Since we've limited the mathematics to computational forms we should be
able to collect algorithms and classify them just as NIST has already done.
Thus we would find different classifications for Clifford-algebra algorithms
vs Hopf-algebra algorithms.
>b) I do not see how you can automatically assign semantics to data
>strutures etc. I think, one has at least to have a sort of *semantic
>typing* during the documentation of axiom (code). Hence every piece of
>documentation should come with a semantic type (or multiple such types)
>which finally allow to put a direction into the crystal looking glass.
Indeed assigning semantics is hard. Three approaches leap to mind.
The first is by keyword assignment in pamphlet files. This is weak but
easy (although time consuming). The second is to use the compiler to
try to parse the mathematical expressions in the tex file and assign
meaning (types) to the symbols. This is hard but might be helped
along if we use OpenMath representations of the mathematics. I'm not
sure if OpenMath is strong enough to handle general mathematical
expressions. The third is to use a chart-parser and semantic network
software to try to read and classify the mathematics.
I did an effort similar to the third case while at IBM. We built a
system called "Susan" which read english-language email, parsed it
using a chart-parser, constructed a semantic "concept", classified it,
and used the nearest-neighbor concepts to help direct further parsing.
Eventually the whole email and it's paragraphs, sentences, and phrases
became concepts. Once the email was classified (e.g. does it set up a
meeting? does it require an answer? does it have a deadline? is it from
someone important?) the email was assigned to a "basket". So email with
a "deadline" went into a "tickle file" that would begin reminding you
of the deadline several days in advance.
We could build a Susan-like system that could handle some portion of
the mathematics because we have the advantage of working in a limited
domain. Since we know the domain we can prepopulate the semantic
network with concepts. These concepts can then be used to direct the
chart-parser toward a correct parse of a sentence. This would be great
fun but falls under the "real research" category and thus will never
get funded :-)
>c) Algorithms should be plain and readable and not only be available in
>code form (if even this way)
I absolutely agree.
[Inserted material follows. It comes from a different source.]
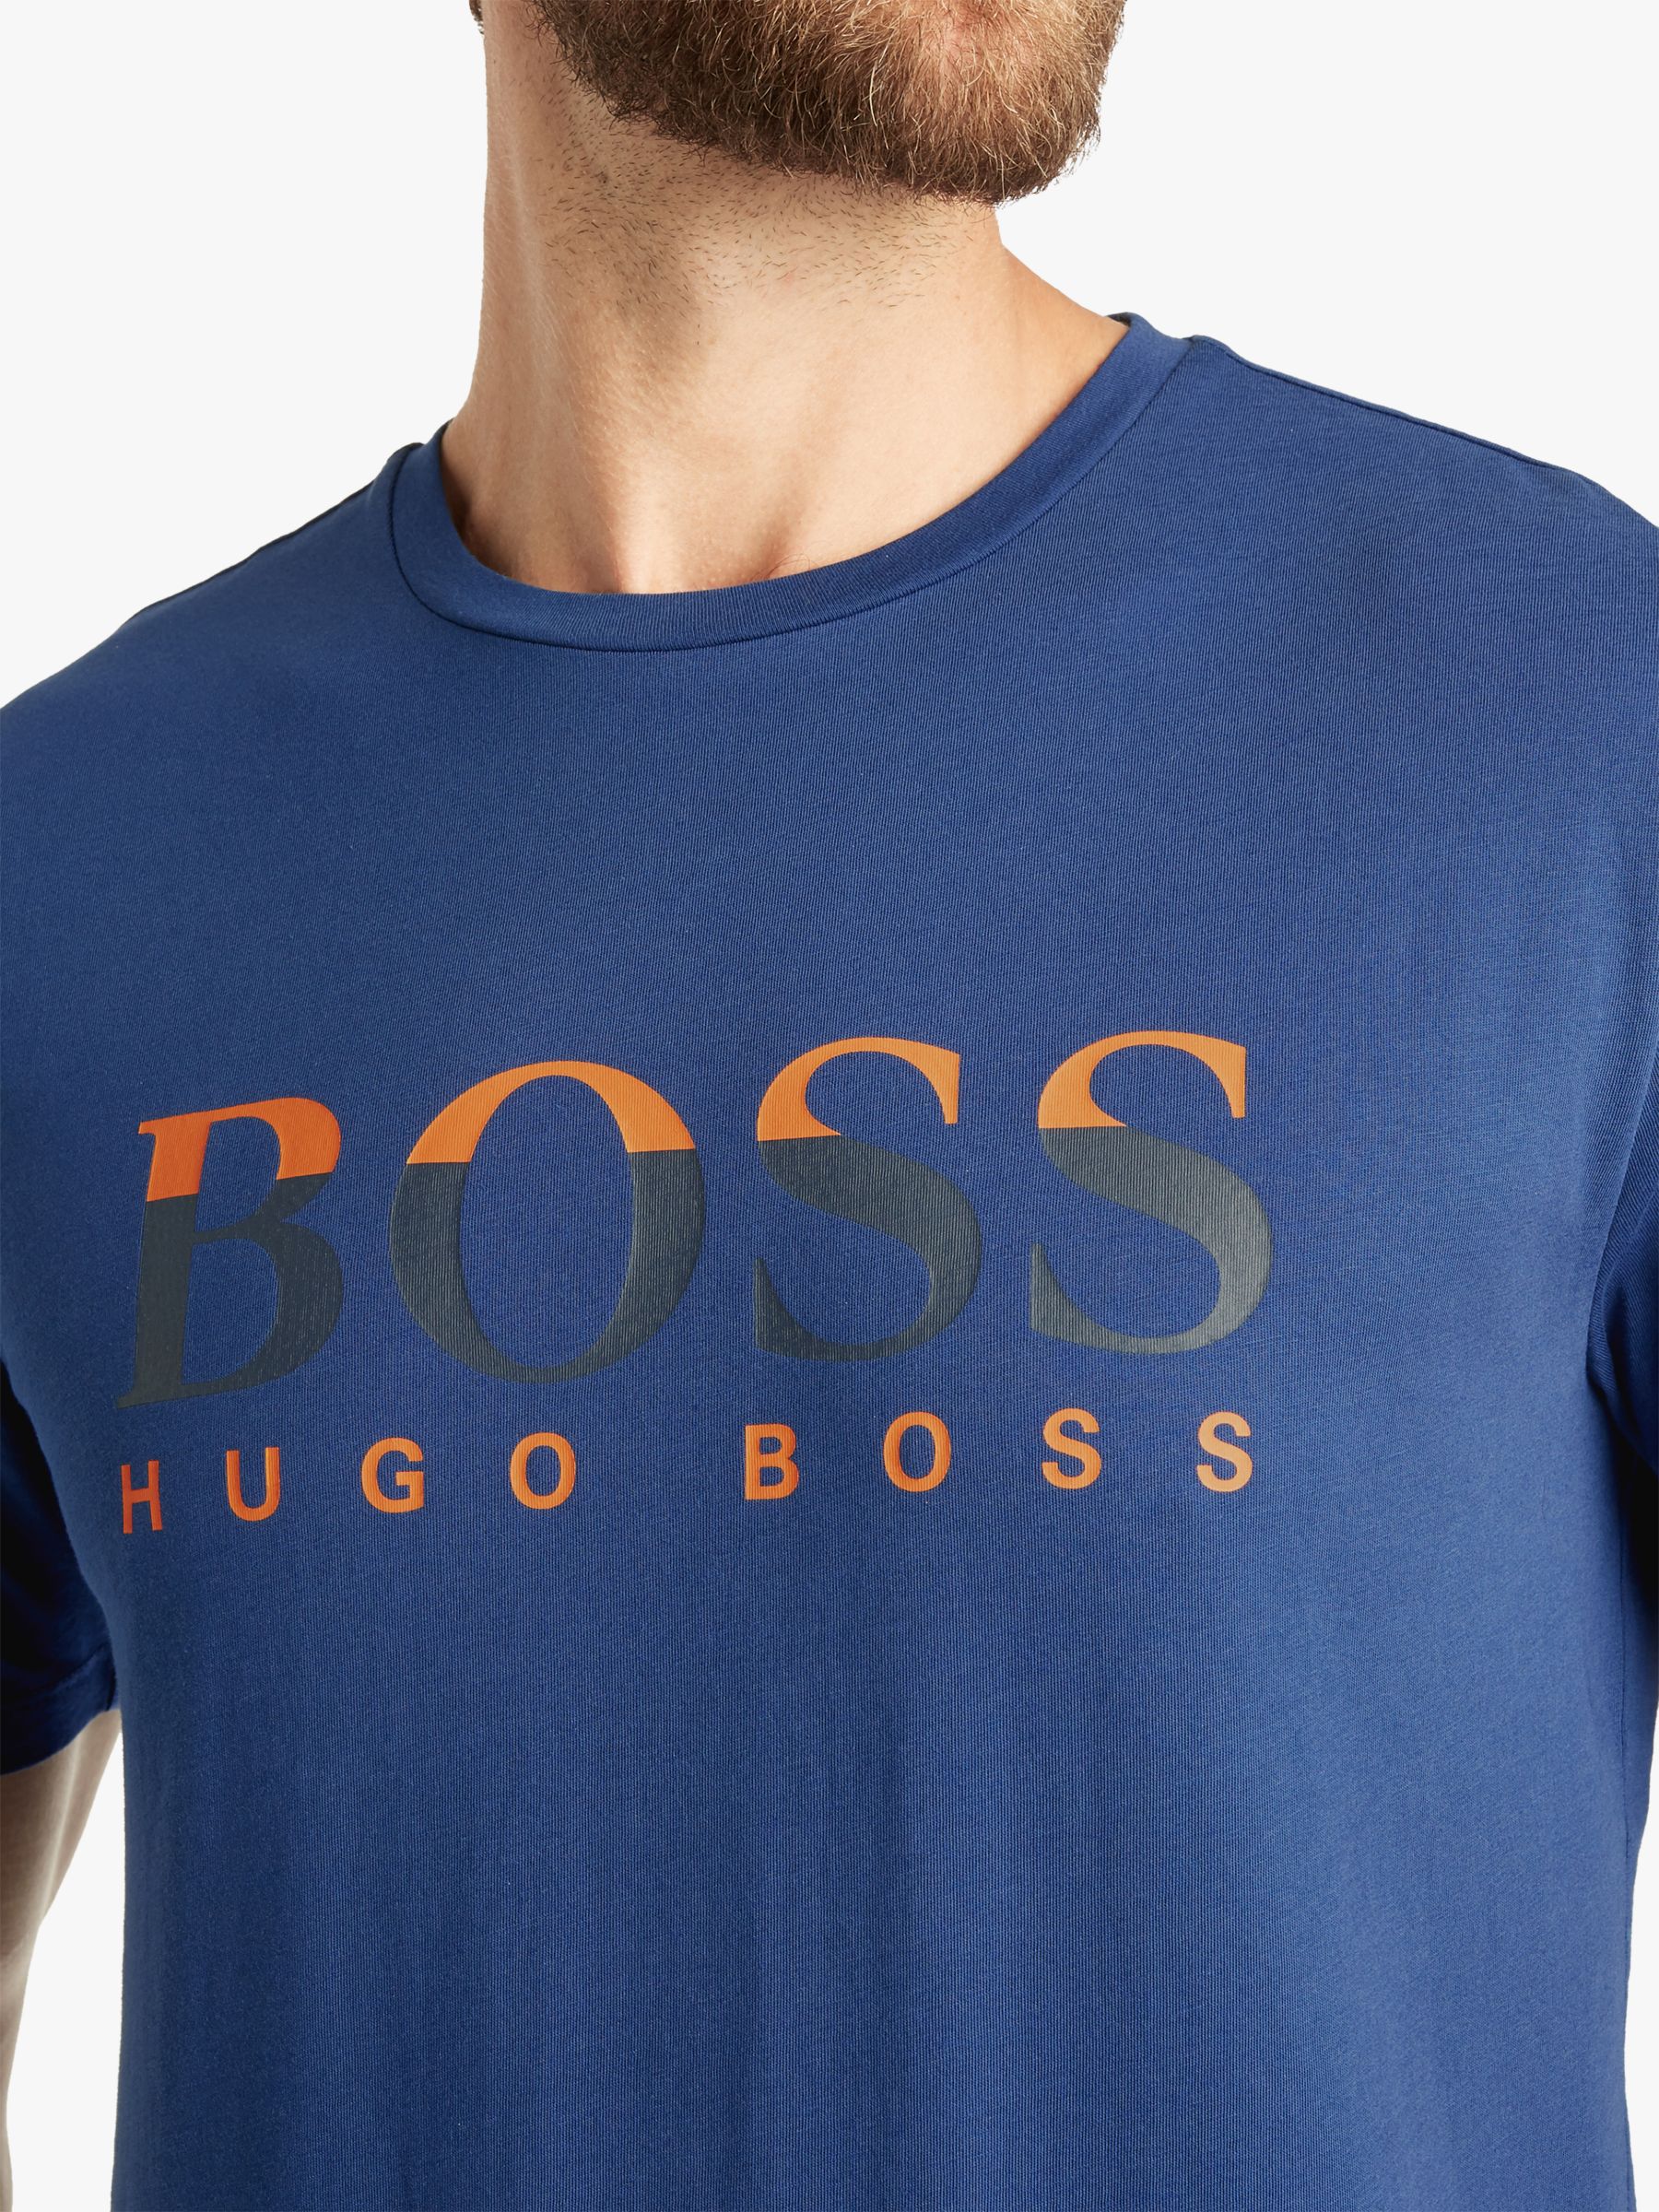 hugo boss tiburt t shirt

Indeed I would hope to see several versions of
explanation for algorithms. My current "best practices" example is
"Primes is in P" by Agarwal, et. al.
(http://www.cse.iitk.ac.in/news/primality.pdf) They have the closest
thing to a literate program that embodies the kind of information I
hope to see. They show the theory, the pseudocode, the bounding
conditions, the proof, a complexity analysis and references. I only
wish they had reduced the pseudocode to real code and published the
original tex. Other than that I feel they've "set the standard" for a
good computational mathematics paper.
>d) To me it would be much more natural to look at the documentation like a
>big database and ask SQL like questions. EG:
>
>> select from AXIOM algorithm where domain has commutative;
>
>or such. And then get a sort of (semantic? web?) document which allows to
>go deeper into an algorithm, eg, thet should be lionks to al faces of the
>crystal which make sense to look at.
I agree that a large database will eventually underlie the whole of the
system. I'm not sure that a relational database is an entirely useful
model. Yes, it is complete but it is a very awkward way to structure
mathematical questions. A semantic network concept would allow you to
"fill in" as much as you know about something (e.g. domain, commutative),
"classify it", and then find all of the concepts that it dominates.
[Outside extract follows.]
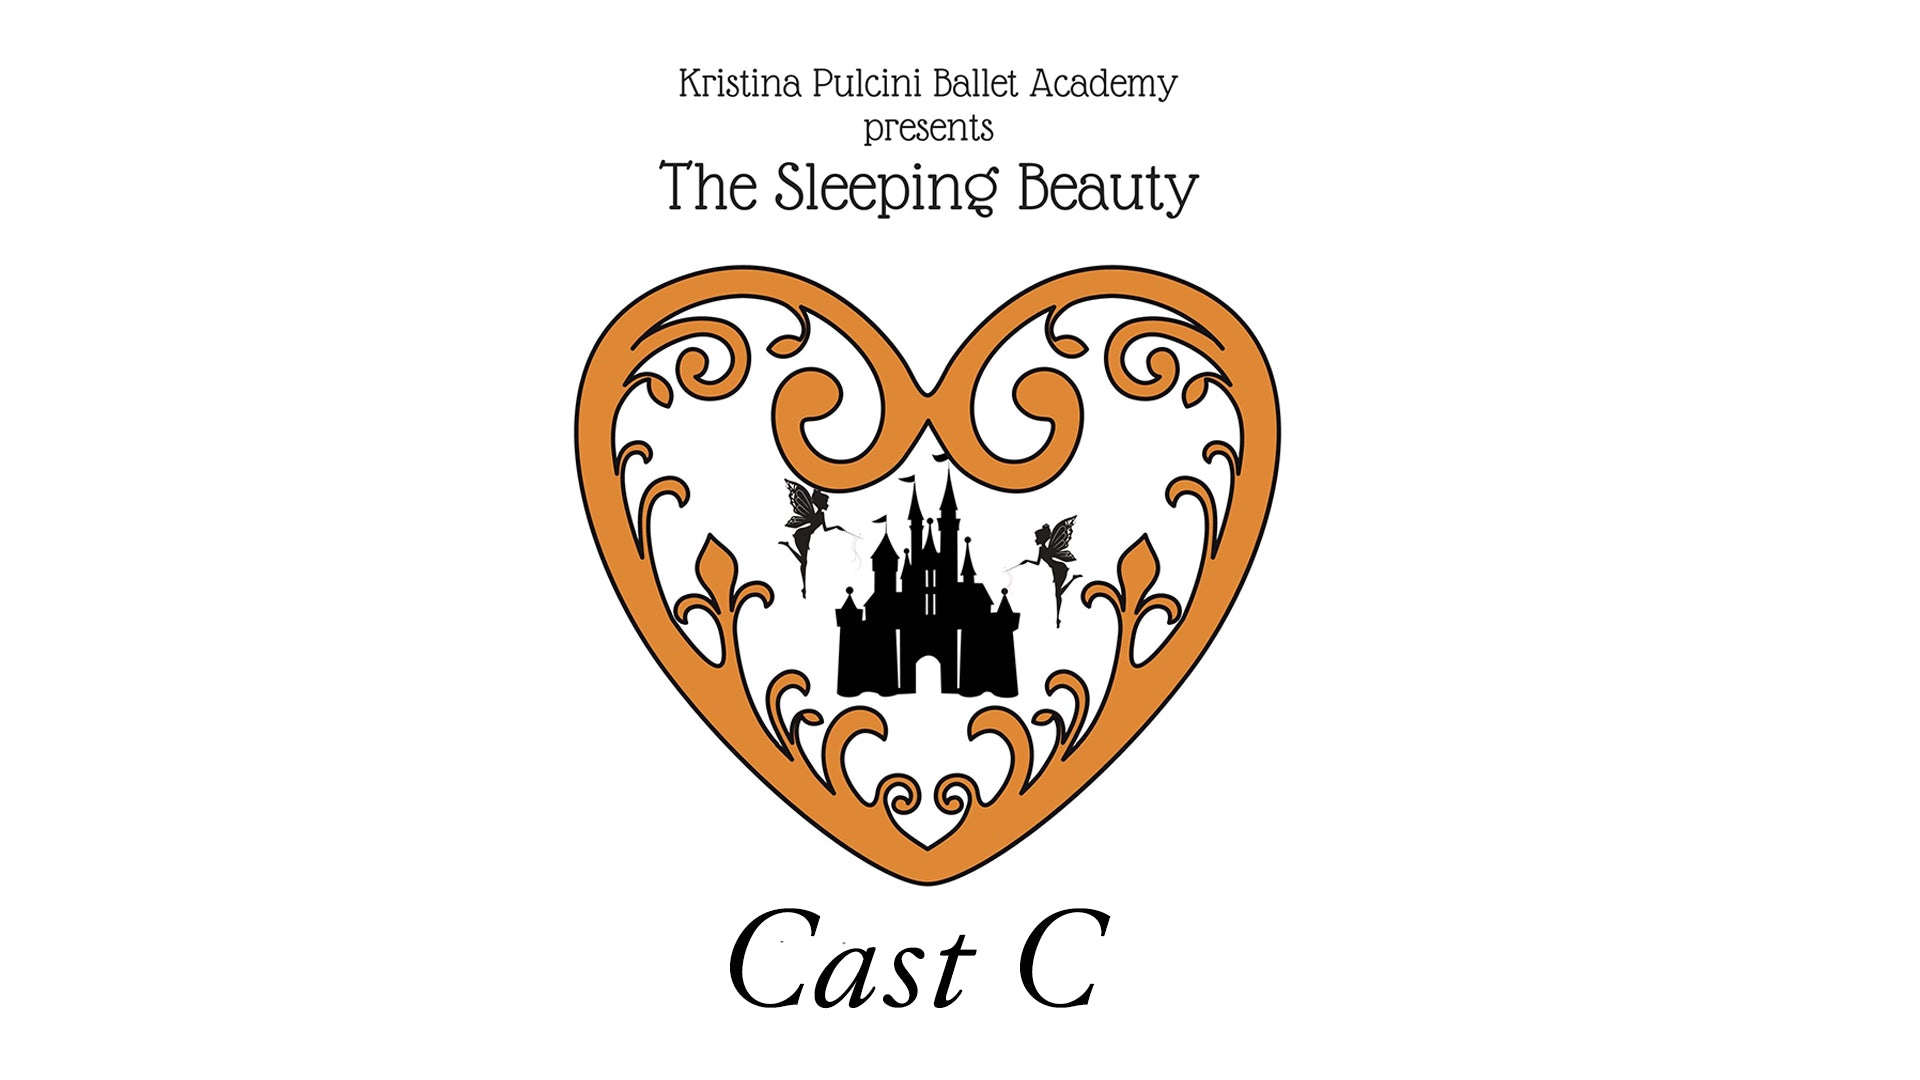 KP Ballet Academy presents "Sleeping Beauty" (2021) - Cast C

Some of these concepts would be the domains you want.
>e) The system will not be more smart than its designers / users. I do not
>see how an automated method will derive anything beyong mere syntactical
>sorting. To be frak I have no idea how to reach the above needs.
We're not trying to make it smarter we're trying to make it useful.
At the moment Axiom is just a huge pile that is nearly inert. It
includes primitive query functions but little else. If you are going
to use a large system (scale Axiom by 100x) you need to be able to
move around it in much more fluid ways. As a researcher you sometimes
wander into a library and browse thru books that might be related to
some half-formed idea. Crystal is an attempt to bring "wandering" into
the computer age.
Crystal should do at least 3 things. First, it should richly classify
and cross-connect the various sources of information (source code, an
algorithm, proofs of that algorithm, a complexity analysis, pointers
to related algorithms, the domain of application of the algorithm,
required inputs and their types, explanations of the theory behind the
algorithm, published results using the algorithm, domains which use
the algorithm, boundary test cases, examples of its use, etc. each
of which could be a kind of facet).
Second, Crystal should watch how you wander and work to taylor it's
answers to your interests. If I am looking at information on
cryptopgraphy and group theory I don't want to know anything about the
weakly related concepts (e.g. the probabilities in threat
matricies). I would like the system to remember what I've looked at
(so I can find it again), to remember how I got there (so I can start
from some point and go off in a different path), and to "suggest"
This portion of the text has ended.